- Work instructions -
Write every line of the material again exactly, with no pictures in the copy.

- Supplied information -
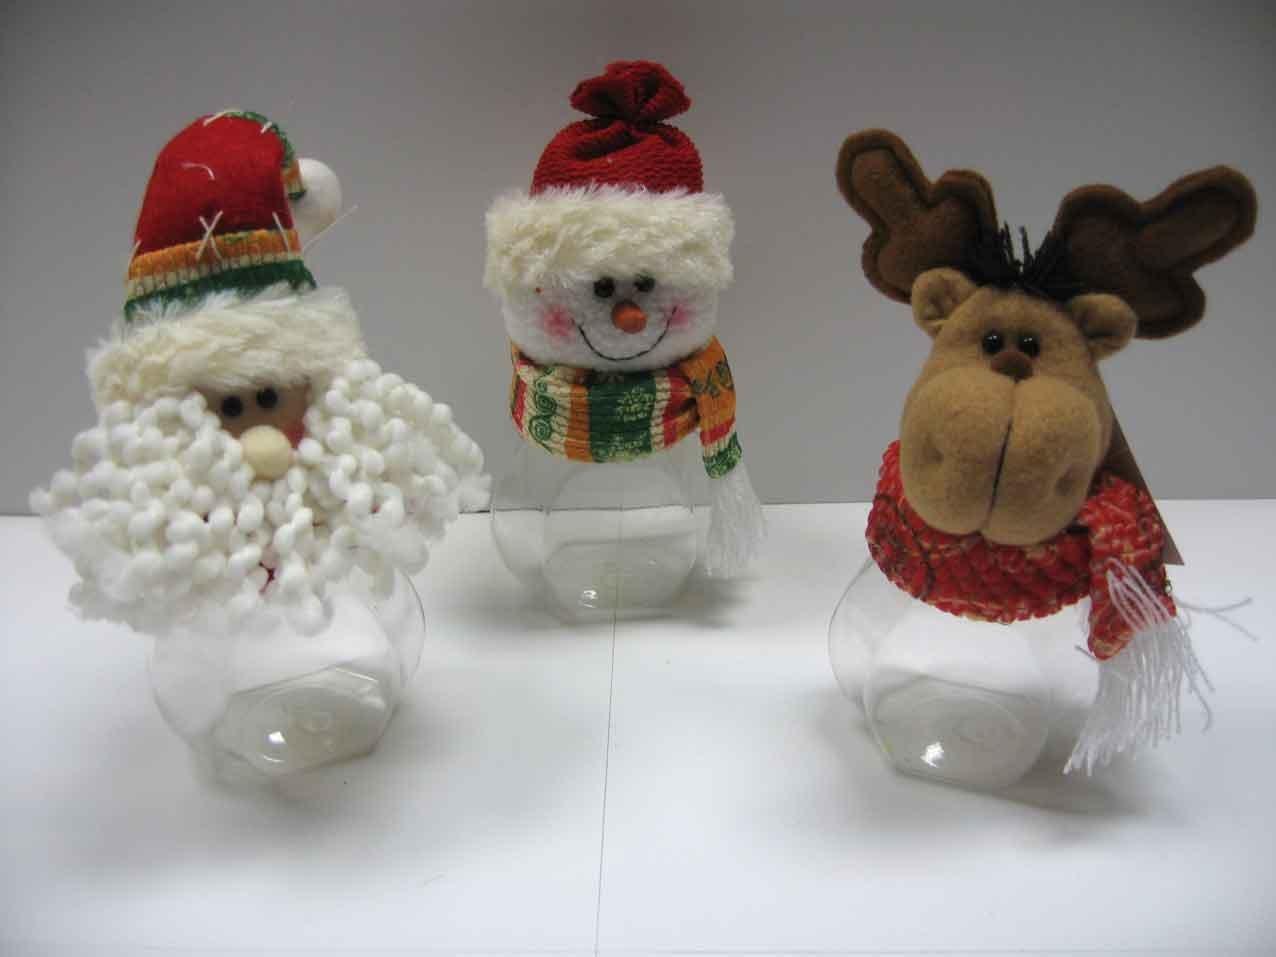 Tela decoraci n de navidad con botella de pl stico otros for Adornos navidenos hechos con botellas plasticas
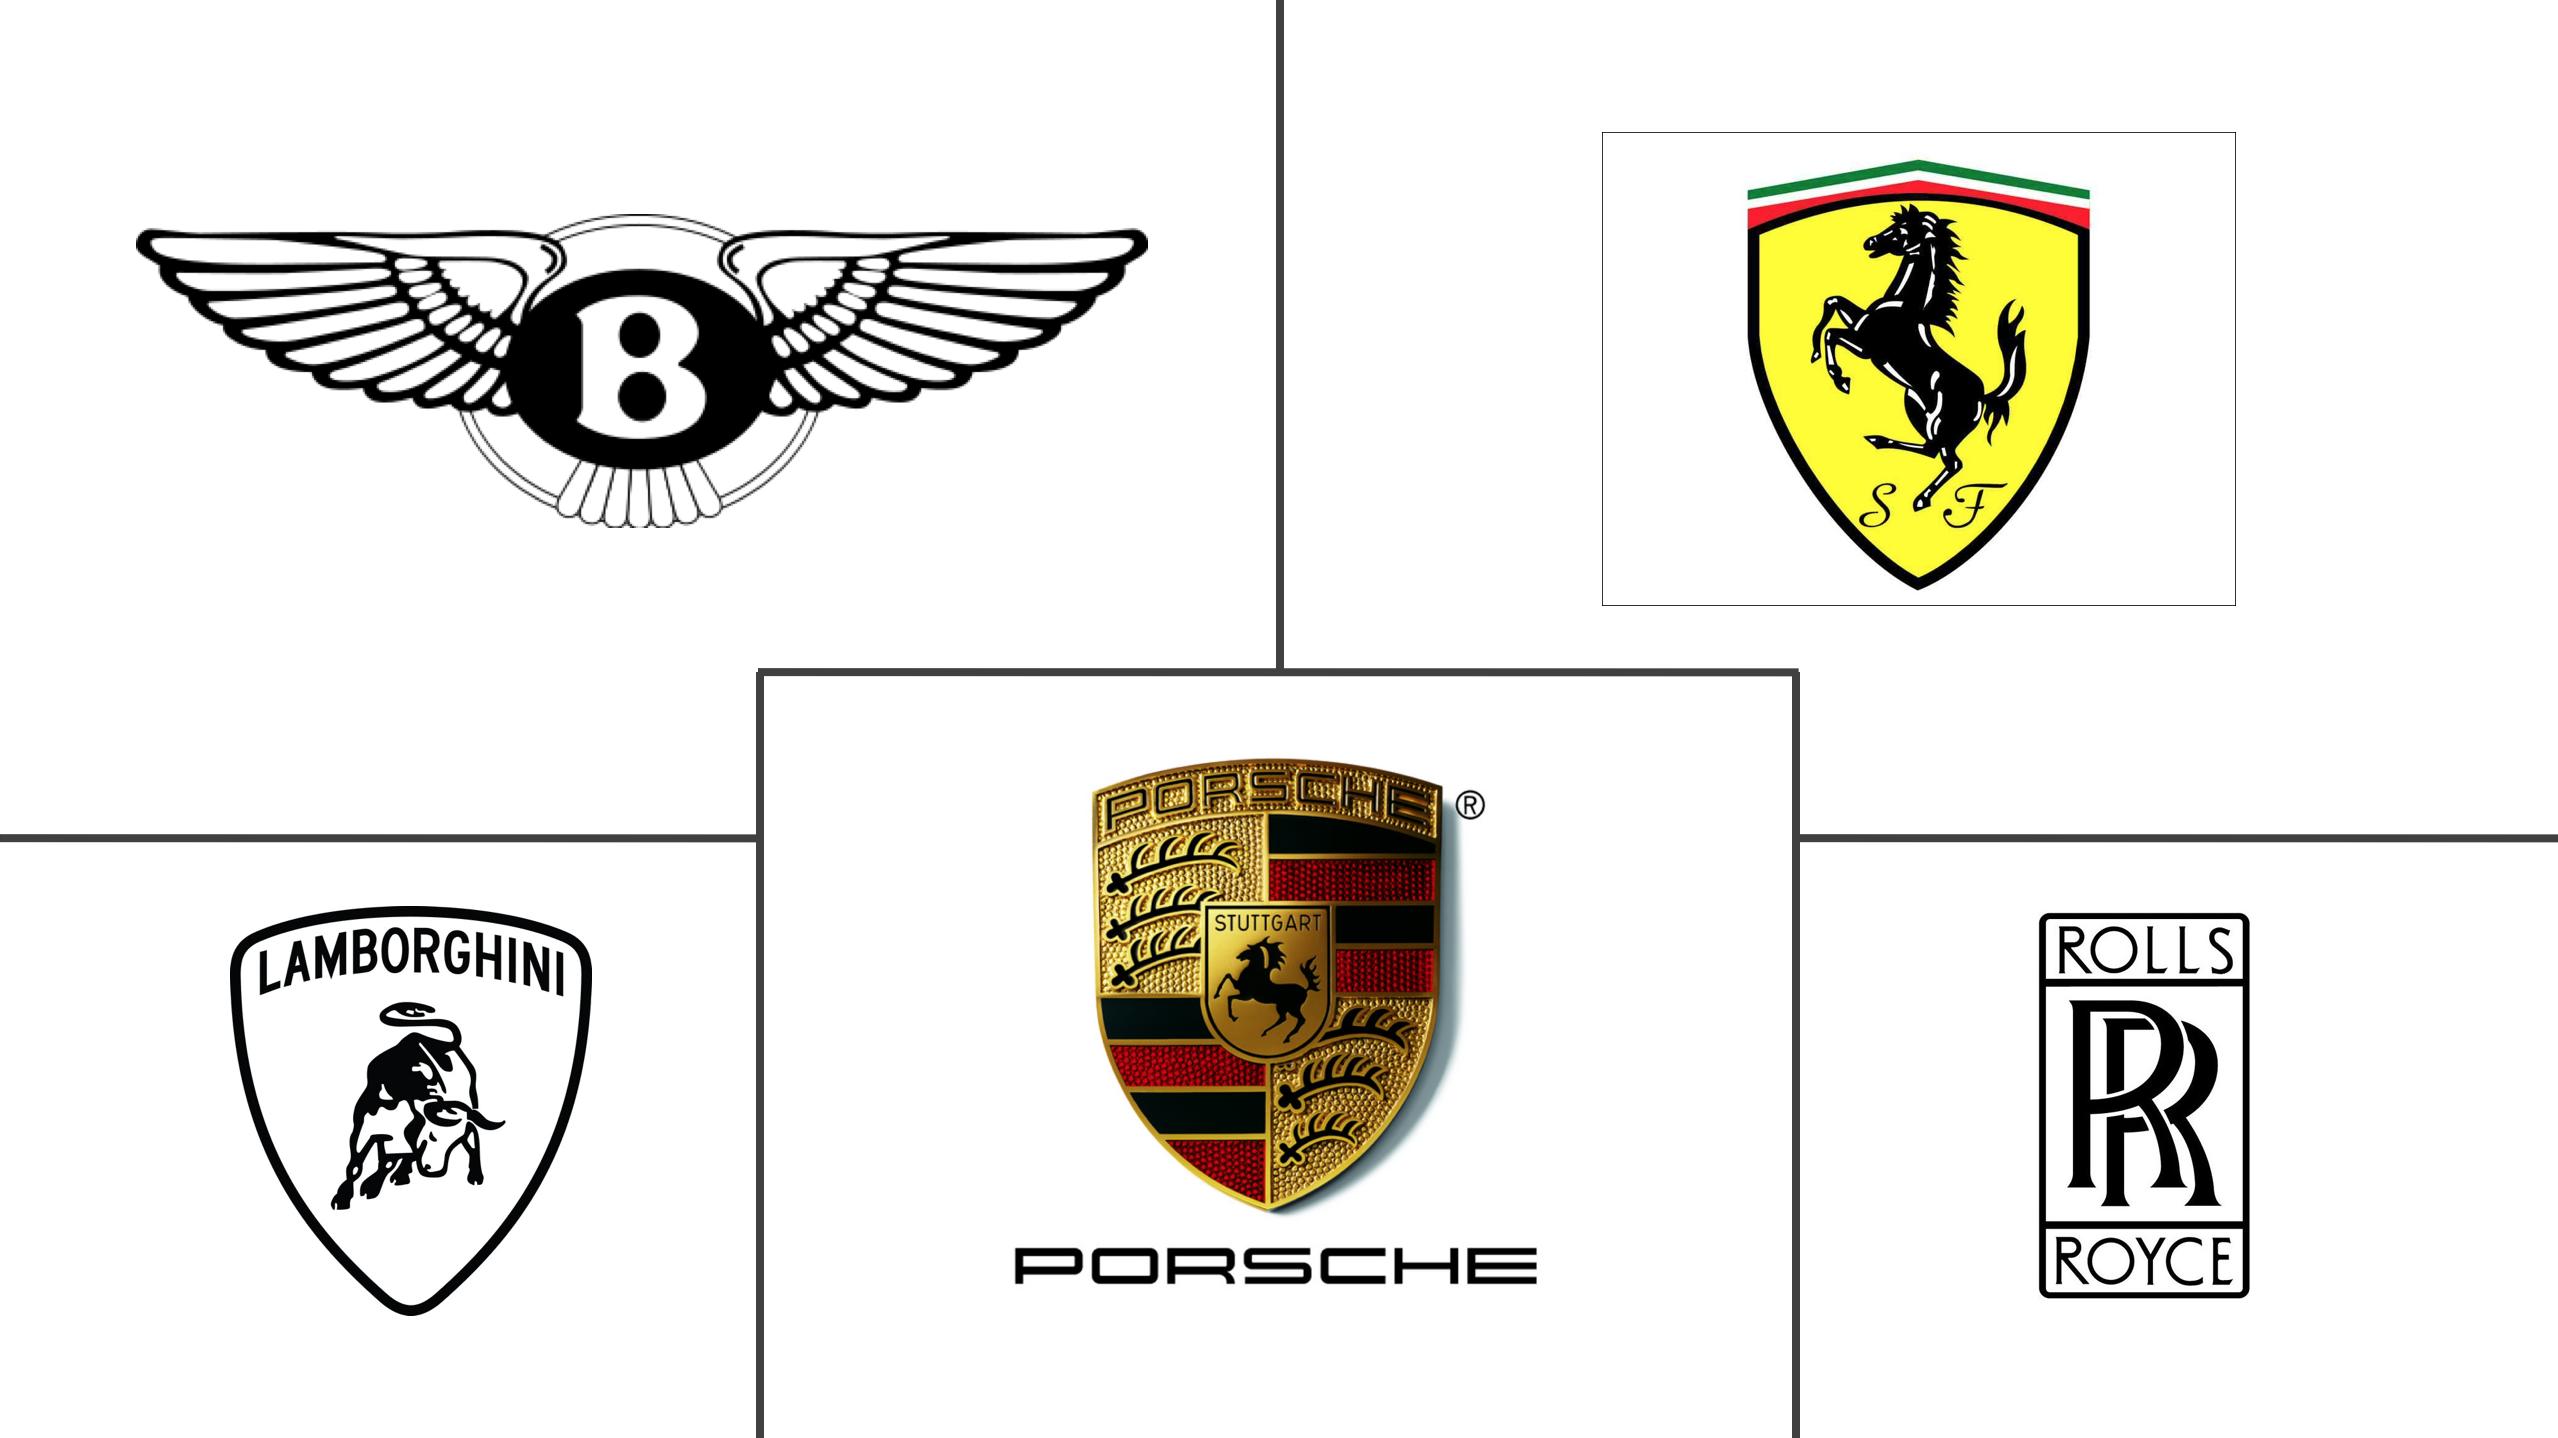 Descubre qué significan los logos de las marcas de autos
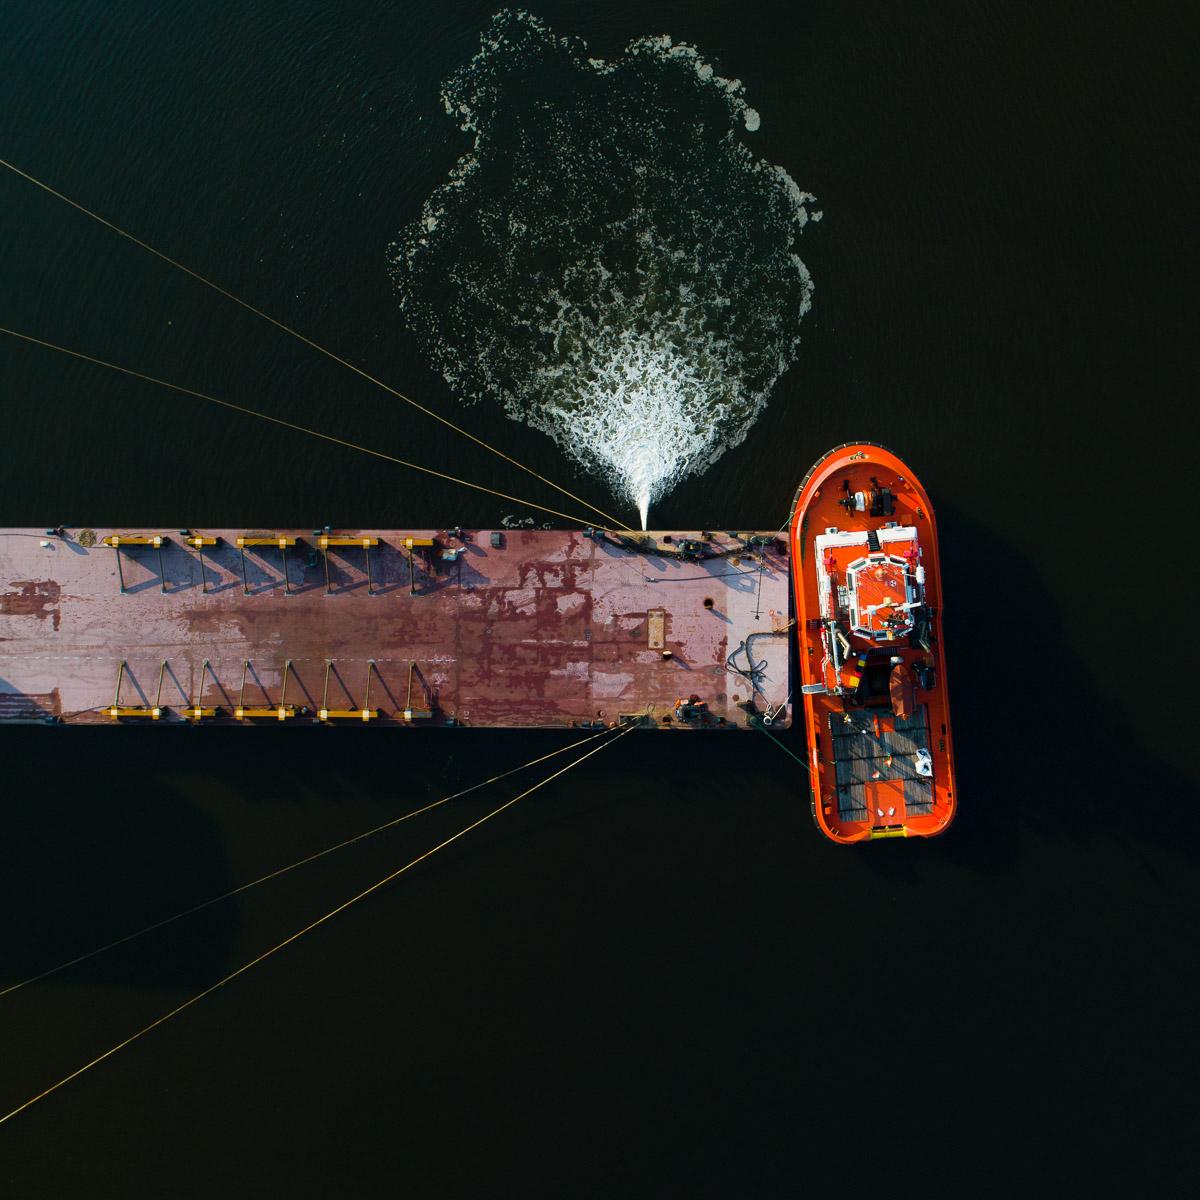 DJI_0027-antonello-zoffoli-drone-ravenna-industriale-aziendale-navale-square

- Answer to this exercise -
 Tela decoraci n de navidad con botella de pl stico otros for Adornos navidenos hechos con botellas plasticas
 Descubre qué significan los logos de las marcas de autos
 DJI_0027-antonello-zoffoli-drone-ravenna-industriale-aziendale-navale-square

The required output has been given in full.